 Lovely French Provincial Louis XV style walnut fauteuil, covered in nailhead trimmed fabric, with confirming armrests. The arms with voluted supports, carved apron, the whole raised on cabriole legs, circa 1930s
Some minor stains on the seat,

——————

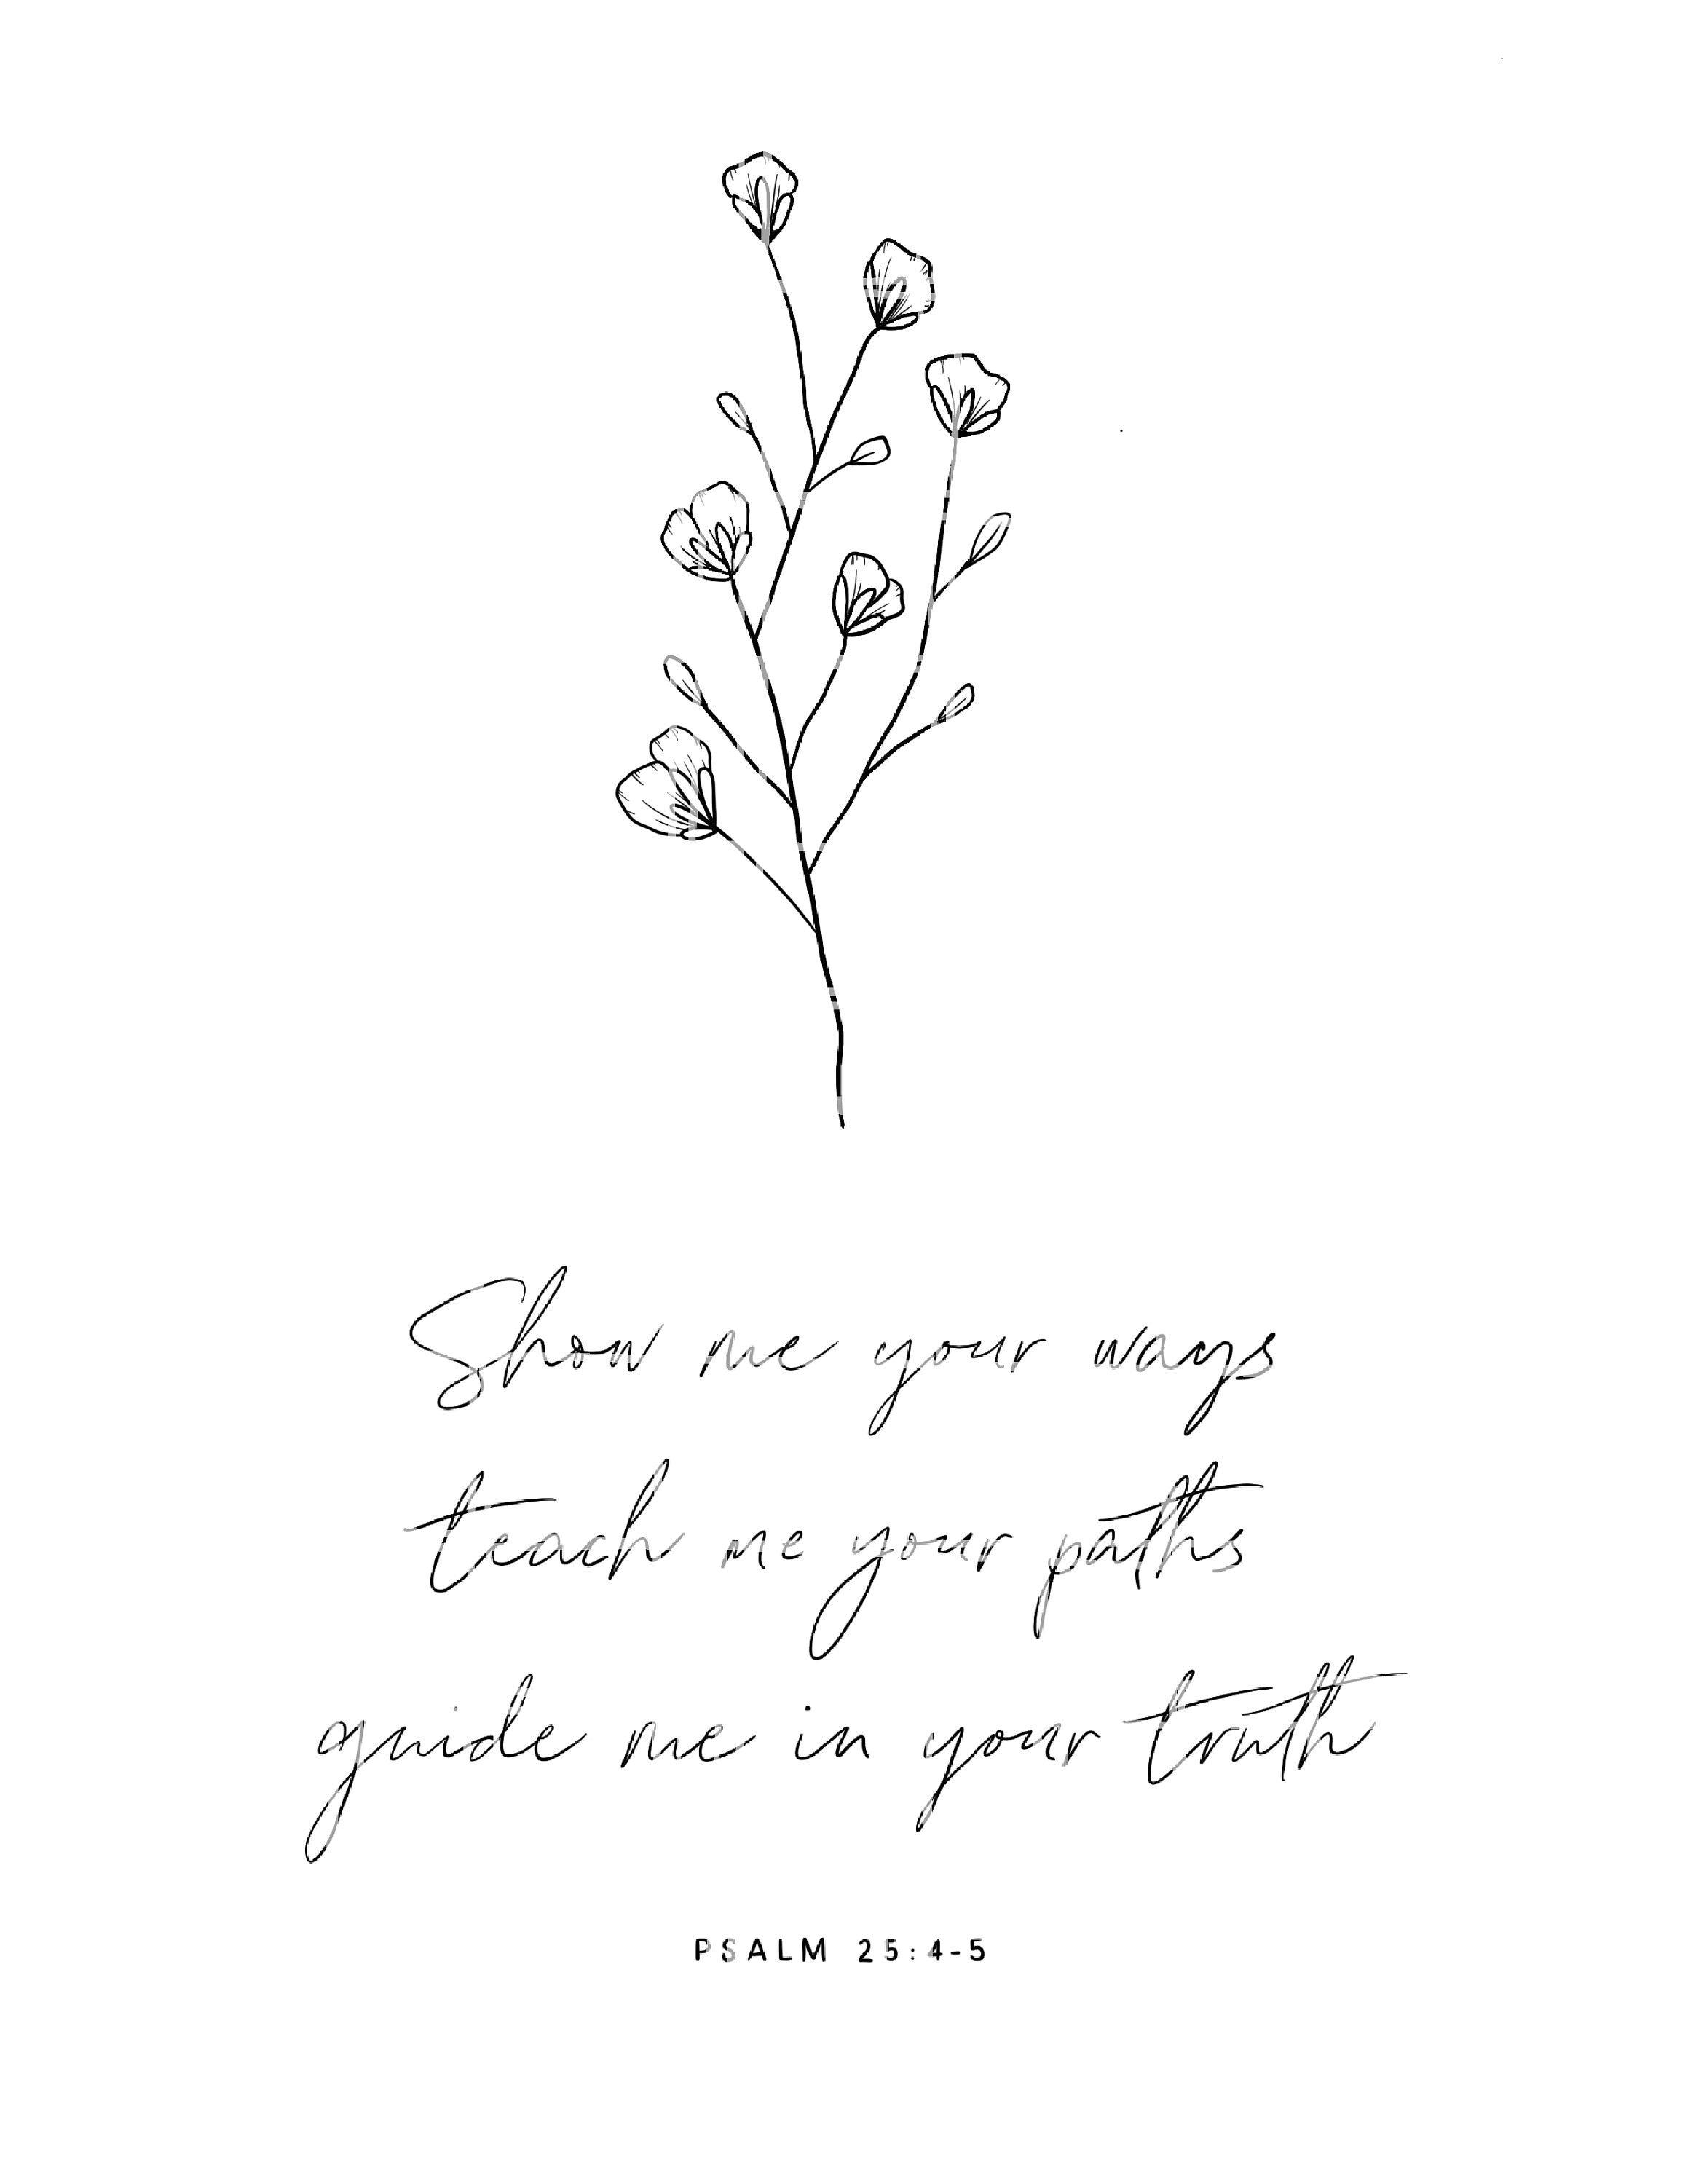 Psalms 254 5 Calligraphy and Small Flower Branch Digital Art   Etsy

——————

• Exercise prompt: In the data above, find the line that contains "Lovely French Provincial" and the line that contains "Some minor stains". Repeat exactly those lines and every line between them, and only those.

• Result below:
 Lovely French Provincial Louis XV style walnut fauteuil, covered in nailhead trimmed fabric, with confirming armrests. The arms with voluted supports, carved apron, the whole raised on cabriole legs, circa 1930s
Some minor stains on the seat,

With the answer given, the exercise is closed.